Subcapsular collections of bile, air or blood in the liver have been described following transhepatic procedures due to the leakage of bile and blood from the percutaneous puncture at the surface of the liver. Herein we presented the subcapsular collection led to a mismatch between functional and anatomical boundaries of the liver.

Keywords: F-18 fluorodeoxyglucose, hematoma, liver, positron emission tomography/computed tomography, subcapsular collection


How to cite this article:
Inanir S, Oksuzoglu K, Aras M, Tuney D. A rare case mimicking positron emission tomography/computed tomography mismatch: Hepatic subcapsular hematoma. Indian J Nucl Med 2015;30:366-7

How to cite this URL:
Inanir S, Oksuzoglu K, Aras M, Tuney D. A rare case mimicking positron emission tomography/computed tomography mismatch: Hepatic subcapsular hematoma. Indian J Nucl Med [serial online] 2015 [cited 2020 Sep 27];30:366-7. Available from: http://www.ijnm.in/text.asp?2015/30/4/366/164019

A 70-year-old female patient with colon cancer was referred to F-18 fluorodeoxyglucose positron emission tomography/computed tomography (PET/CT) for restaging due to the increased tumor marker levels. Besides hypermetabolic primary tumor in cecum, peritoneal carcinomatosis, metastatic lung nodules and bilateral adrenal metastasis [[Figure 1]a: Maximum intensity projection image], there was a prominent mismatch between PET and CT boundaries of the liver mimicking coregistration artifact [[Figure 1]b: PET, CT and fusion PET/CT images]. One-day before PET/CT study, the patient underwent percutaneous transhepatic biliary drainage (PTBD) procedure due to a metastatic mass obliterating the lumen of the distal common bile duct.
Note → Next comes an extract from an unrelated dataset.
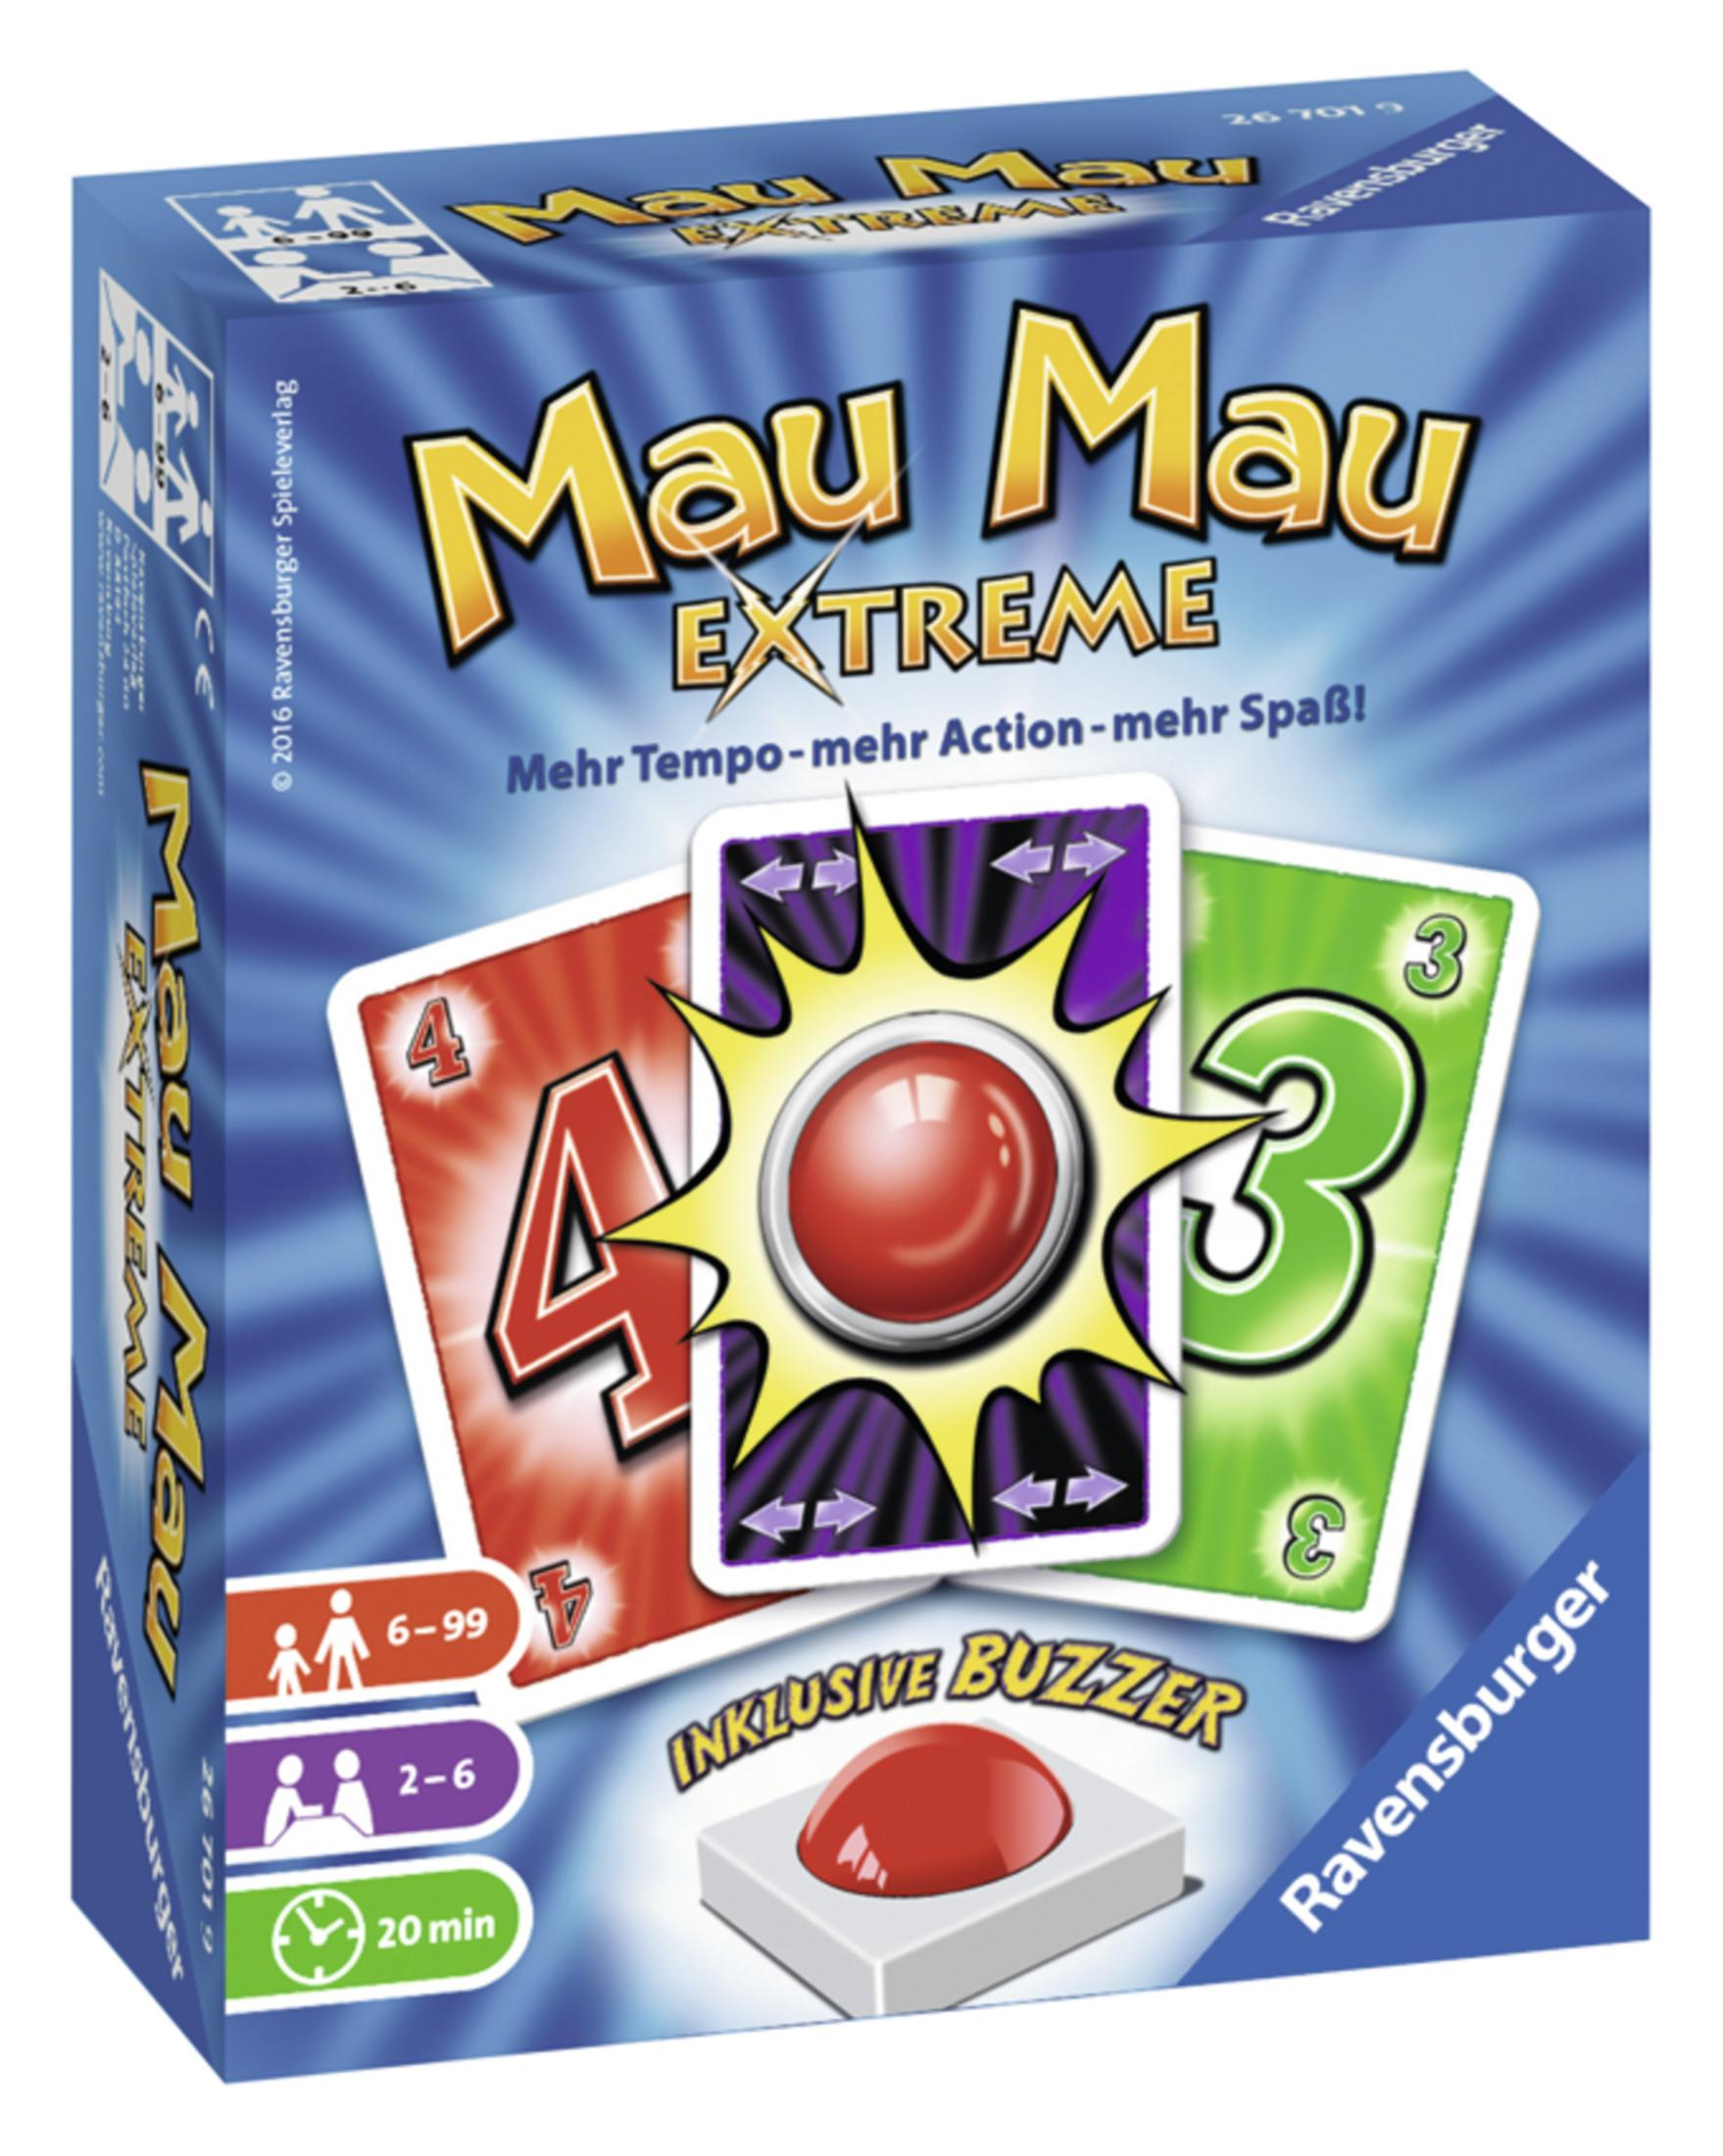 Extreme MAU EXTREME 26701 RAVENSBURGER Mau MAU Mau

On the PET/CT images, PTBD-related findings were also observed, such as the presence of contrast material within the main hepatic and dilated intrahepatic bile ducts [star in [Figure 1]c], small air bubbles [thin arrows in [Figure 1]c] and curvilinear hyperdensity surrounding the lateral border of the right lobe of the liver in the perihepatic space [thick arrow in [Figure 1]b]. However, there was no difference between Hounsfield unit (HU) values of the liver and the mismatched zone (53 HU vs. 57 HU respectively). Three weeks later, a follow-up abdominal CT showed a large subcapsular collection with mixed attenuation (with CT numbers of 4 and 31 HU) [Figure 1]d. Both PET/CT and abdominal CT were obtained without intravenous contrast administration. Subcapsular collections of bile, air or blood in the liver have been described following transhepatic procedures due to the leakage of bile and blood from the percutaneous puncture at the surface of the liver.[1],[2],[3],[4],[5],[6],[7] In the presented case, the subcapsular collection led to a mismatch between functional and anatomical boundaries of the liver. The HU values of extravasated blood during acute phase were similar to that of liver parenchyma, and it is difficult to diagnose with unenhanced CT.[8] This could be explained with the generation of fibrin fibrils and globin molecules.[9] Later on, proteolysis begins, and the density of the collection gradually decreases. Care should be taken with respect to the timing of PET/CT, interventional procedures, and their complications while reporting PET/CT studies.
Figure 1: Besides hypermetabolic primary tumor in cecum, peritoneal carcinomatosis, metastatic lung nodules and bilateral adrenal metastasis. ([a] maximum intensity projection image), there was a prominent mismatch between positron emission tomography (PET) and computed tomography (CT) boundaries of the liver mimicking coregistration artifact ([b] PET, CT and fusion PET/CT images). On the PET/CT images, percutaneous transhepatic biliary drainage-related findings were also observed, such as the presence of contrast material within the main hepatic and dilated intrahepatic bile ducts (star in c), small air bubbles (thin arrows in c) and curvilinear hyperdensity surrounding the lateral border of the right lobe of the liver in the perihepatic space (thick arrow in b). Three weeks later, a follow-up abdominal CT showed a large subcapsular collection with mixed attenuation (with CT numbers of 4 and 31 Hounsfield units) (d)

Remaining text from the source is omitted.